Greek citizens, drugs users, homeless people and women working in the sex industry, have also been targeted under these sweeps where they are hauled to police stations, forcibly tested for HIV and in some cases imprisoned among with the migrants in the internment camps.  As the graffiti is cleaned off the shop facades in anticipation of the summer tourist influx, the streets are being cleansed of undesirables.

There has been minimal effort to slow down the growth of this political party that seems solely based on hate. But the certain magic mix that makes xenophobia and brutal attacks the norm, widespread poverty and an indifferent government, are in abundance in Greece. As well as elsewhere.

Amid a dramatic surge in attacks on immigrants blamed on the neo-Nazis, the debt-stricken country's ruling alliance has come under unprecedented pressure to crack down on racially motivated crimes. Legislation calling for a ban on parties perceived to incite such violence was proposed by prime minister Samaras's two junior leftist partners last month. Claiming that it would "victimise" Golden Dawn, which has 18 of the 300 MPs in parliament, the conservative groups last week rejected the bill as counterproductive. On Friday they put forward their own, less punitive law.
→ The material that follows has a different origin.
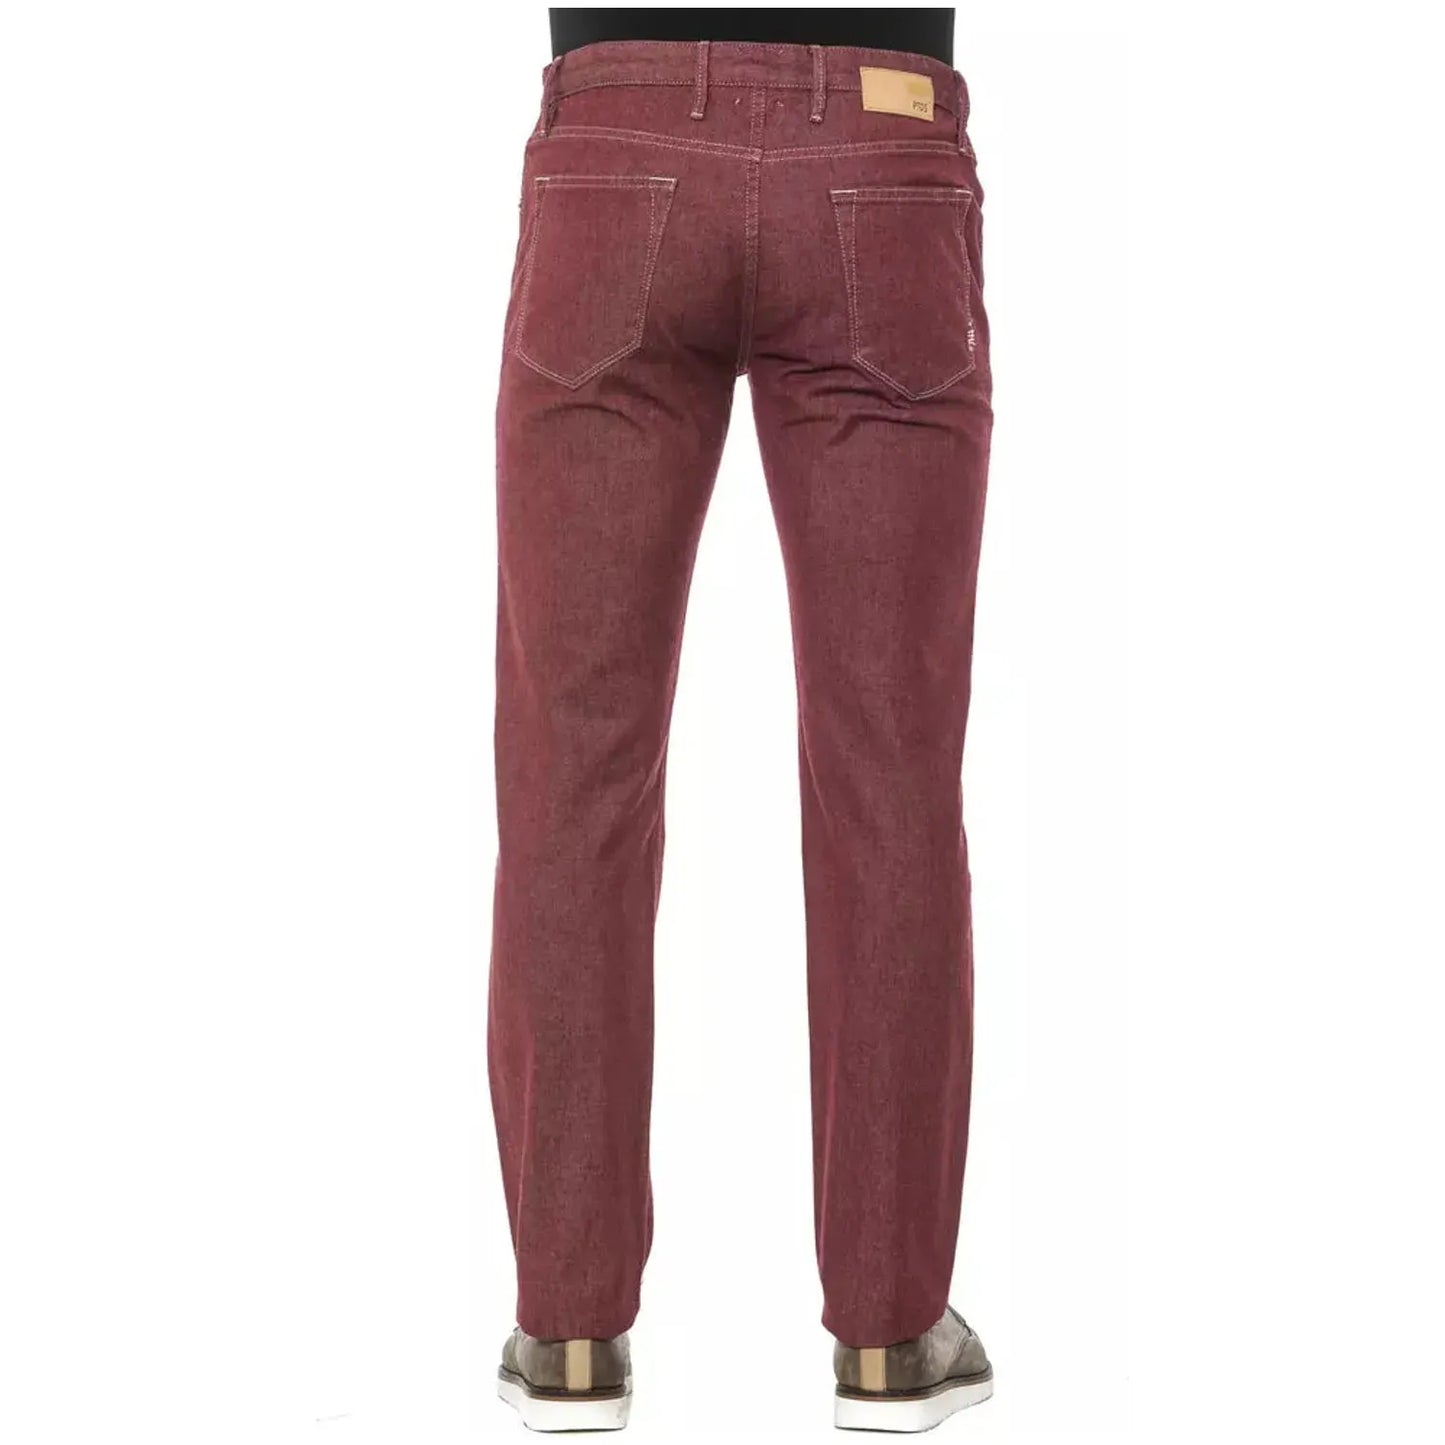 PT Torino Elegant Super Slim Burgundy Trousers burgundy-cotton-jeans-pant-4

As parliament prepares to debate how best to apply legislation that will curb the party, – measures that have unexpectedly electrified the political scene – the far right is flourishing in the knowledge that, in a country reeling from the twin ills of austerity and despair, it is they who are in the ascendant. Since elections last year, Golden Dawn's appeal has almost doubled, with successive polls showing support of between 11% and 12% for the neo-fascists. Privately pollsters acknowledge that, as Greece's third-strongest and fastest-growing political force, the group could garner as much as 15% of support in local elections next year.

"It is wrong to believe that they are an ephemeral phenomenon," said Professor Dimitris Kerides, who teaches political science at Athens' Panteion University. "They are not only a product of this country's economic crisis. There is something sick in Greek society that Golden Dawn expresses," he added, referring to the rise in "Greek-only" blood banks and food rallies organised by the extremists. "They are here to stay. And as of 2014 they are going to be everywhere, with access to state resources because, for sure, they will win seats in municipal elections and, in some towns, place mayors."

The Vatican has declared austerity to be a social ill basically. And they should know they were lucky last time such groups were prominent in Europe, the Catholic Church was able to survive relatively unscathed. They may not this time.

We need to start looking at what is really important socially. Or do you like the idea of people that think it alright to attack someone for being different having a voice in our democracy?